== TASK TO CARRY OUT ==
Please output only the lines running from the one that contains "Check if a value is true" through the last line of the data below, exactly as they stand, with no pictures.

== SUPPLIED MATERIAL ==
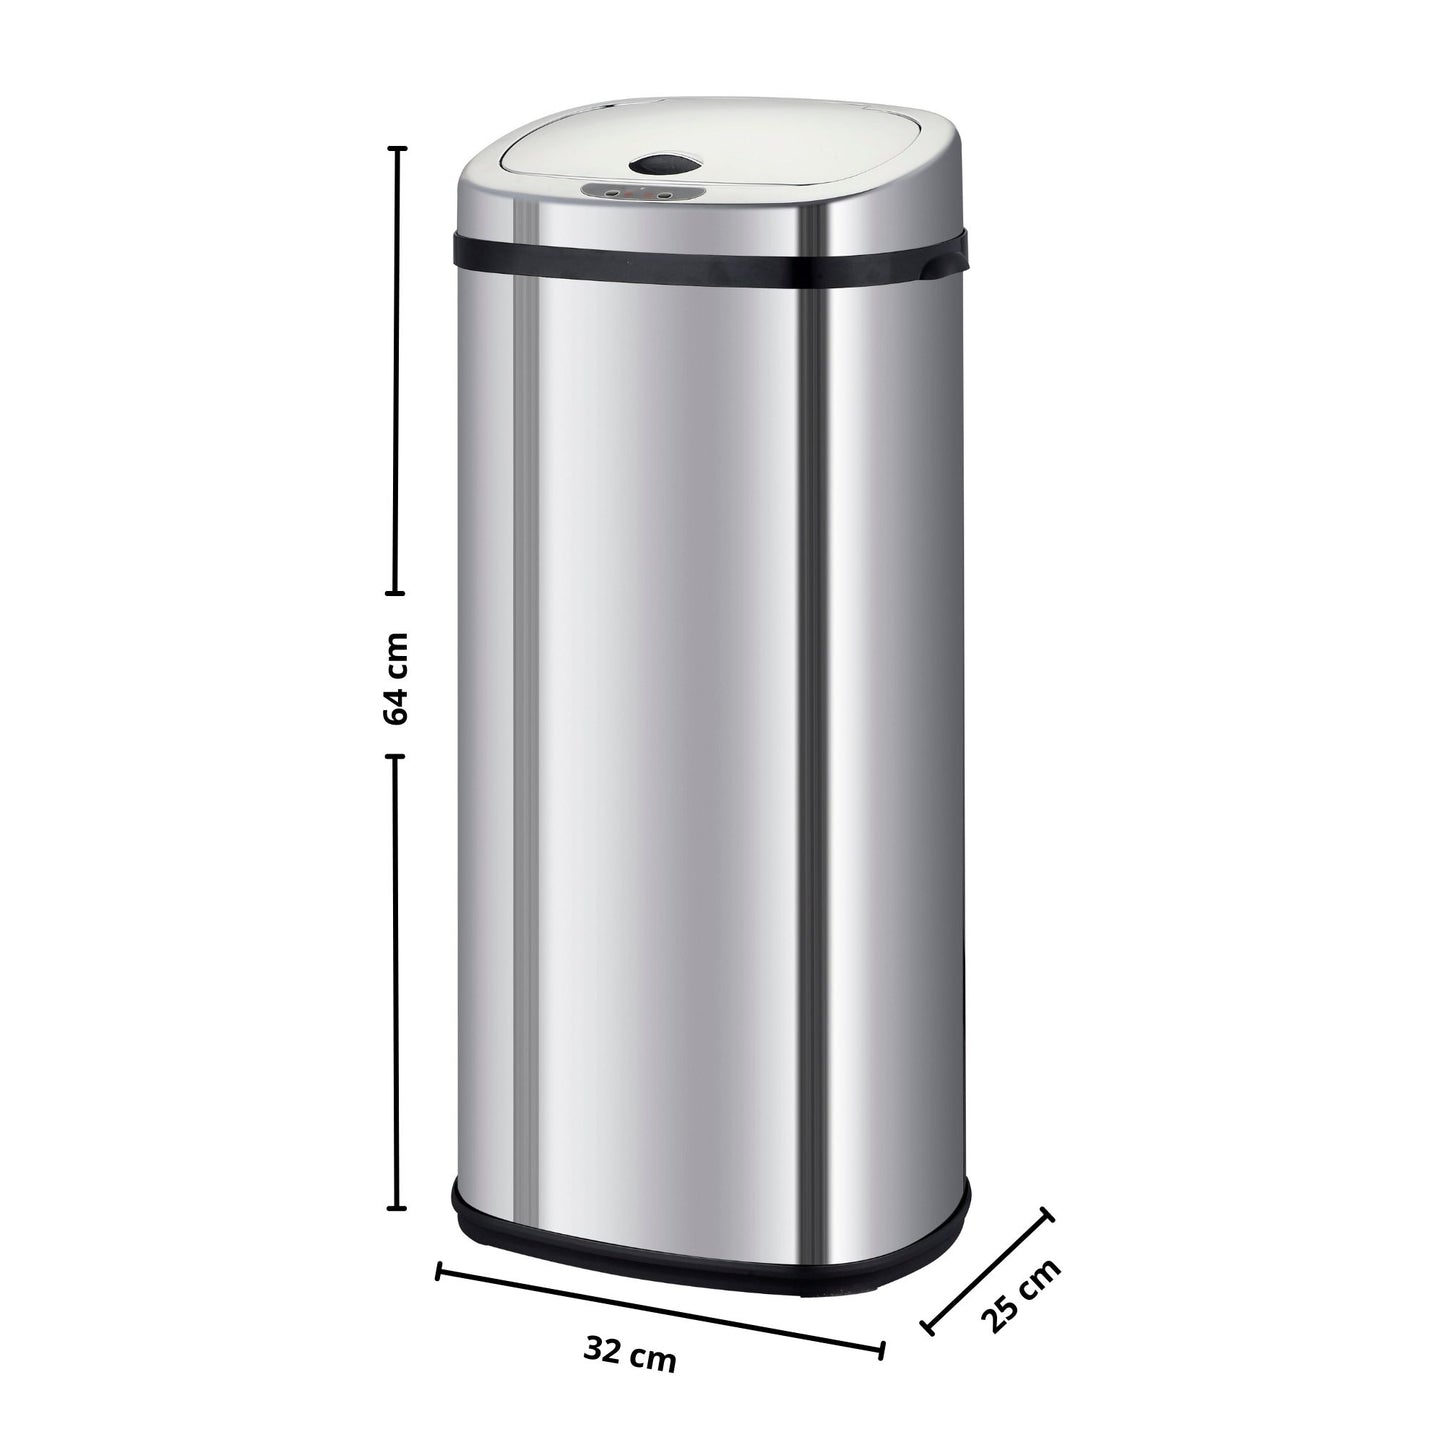 Automatic kitchen bin 42L LARGO in stainless steel with strapping
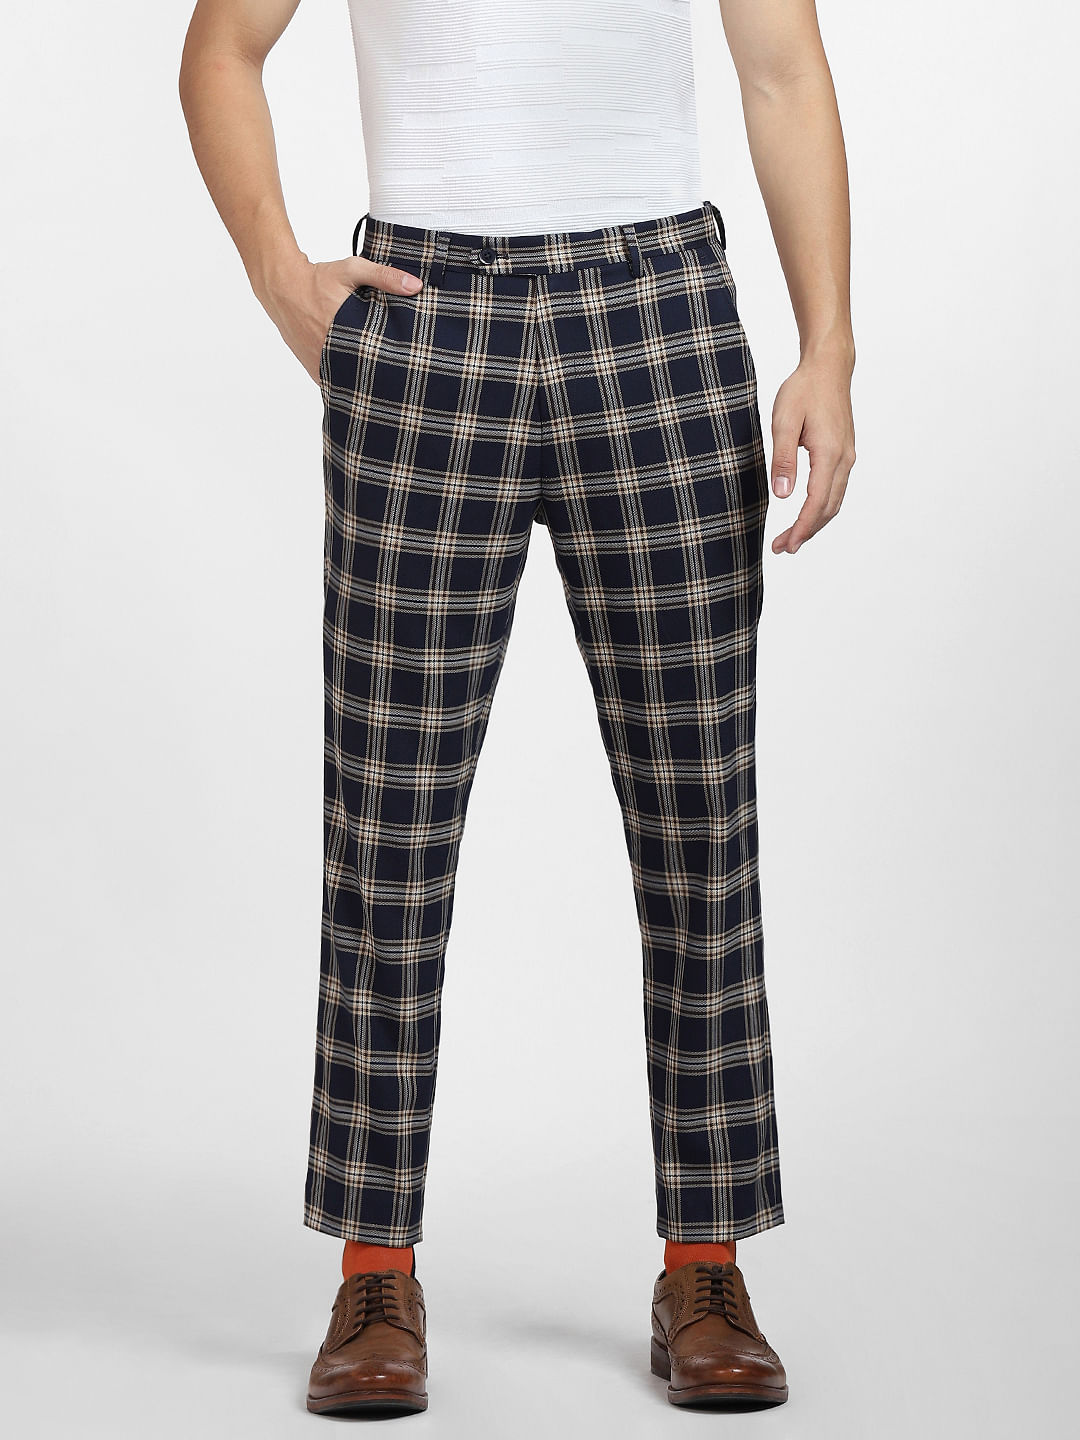 Buy DOROTHY PERKINS Women Black  White Regular Fit Printed Trousers   Trousers for Women 4704466  Myntra
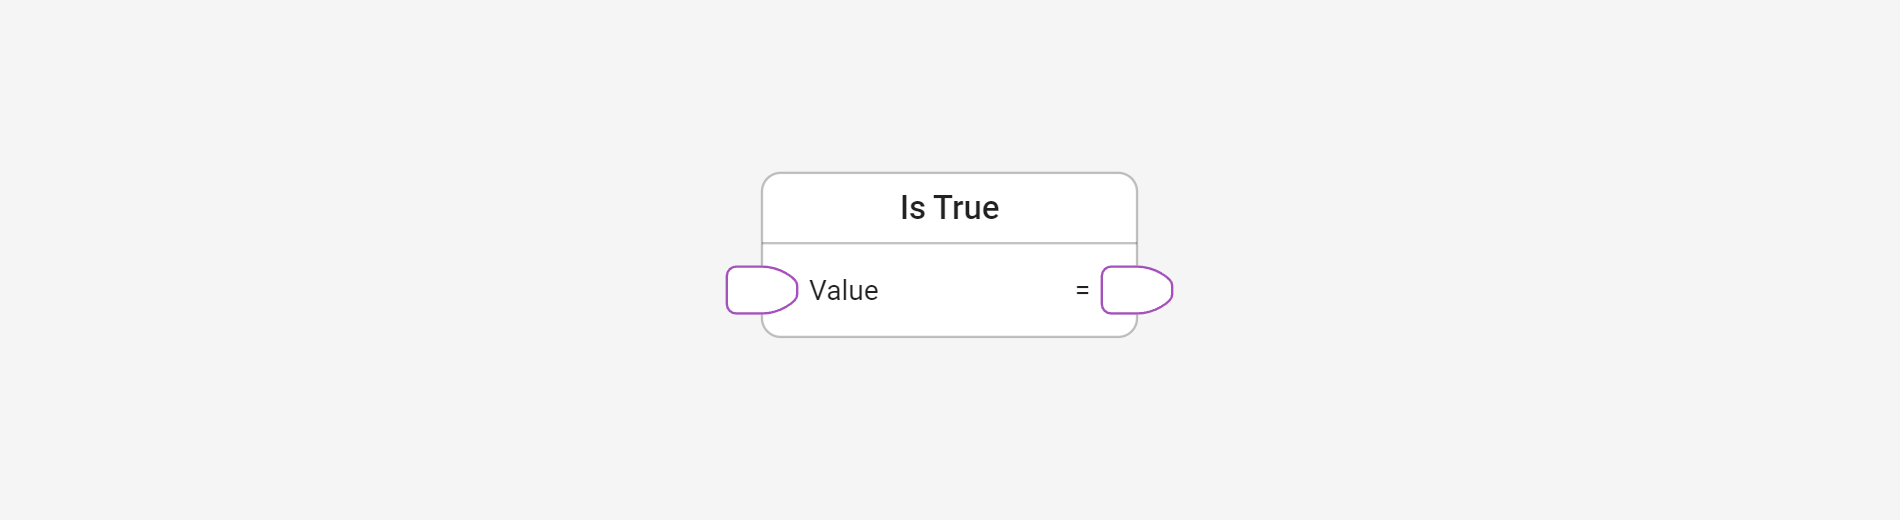 Check if a value is true
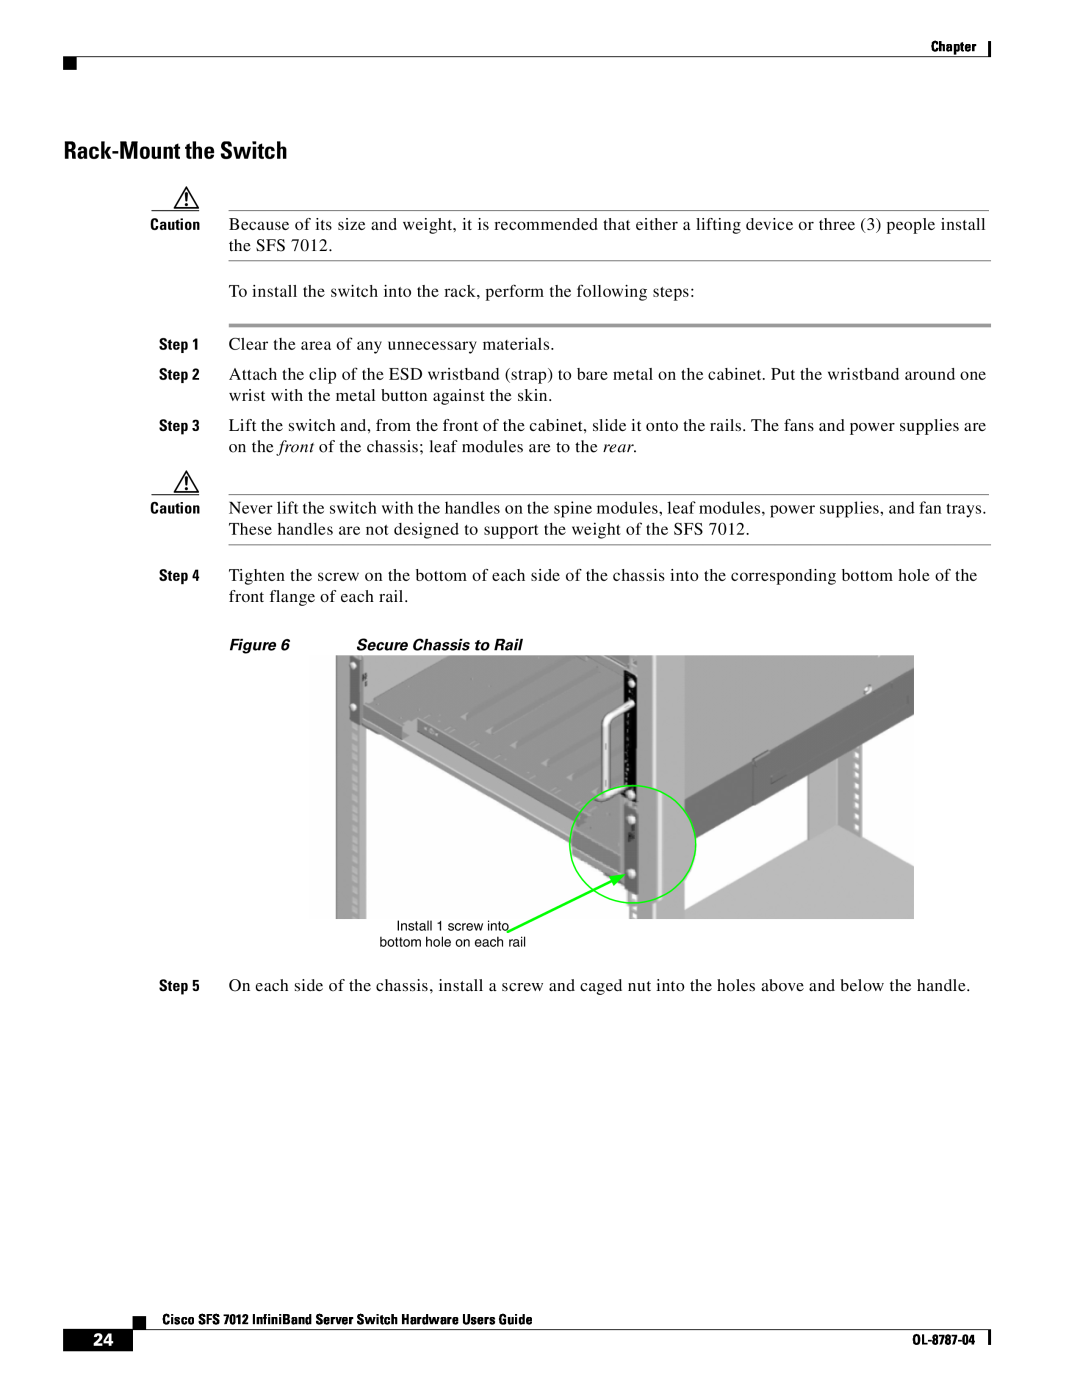 Cisco Systems SFS 7012 manual Rack-Mount the Switch

== PROBLEM SOLUTION ==
 Check if a value is true
 Cisco Systems SFS 7012 manual Rack-Mount the Switch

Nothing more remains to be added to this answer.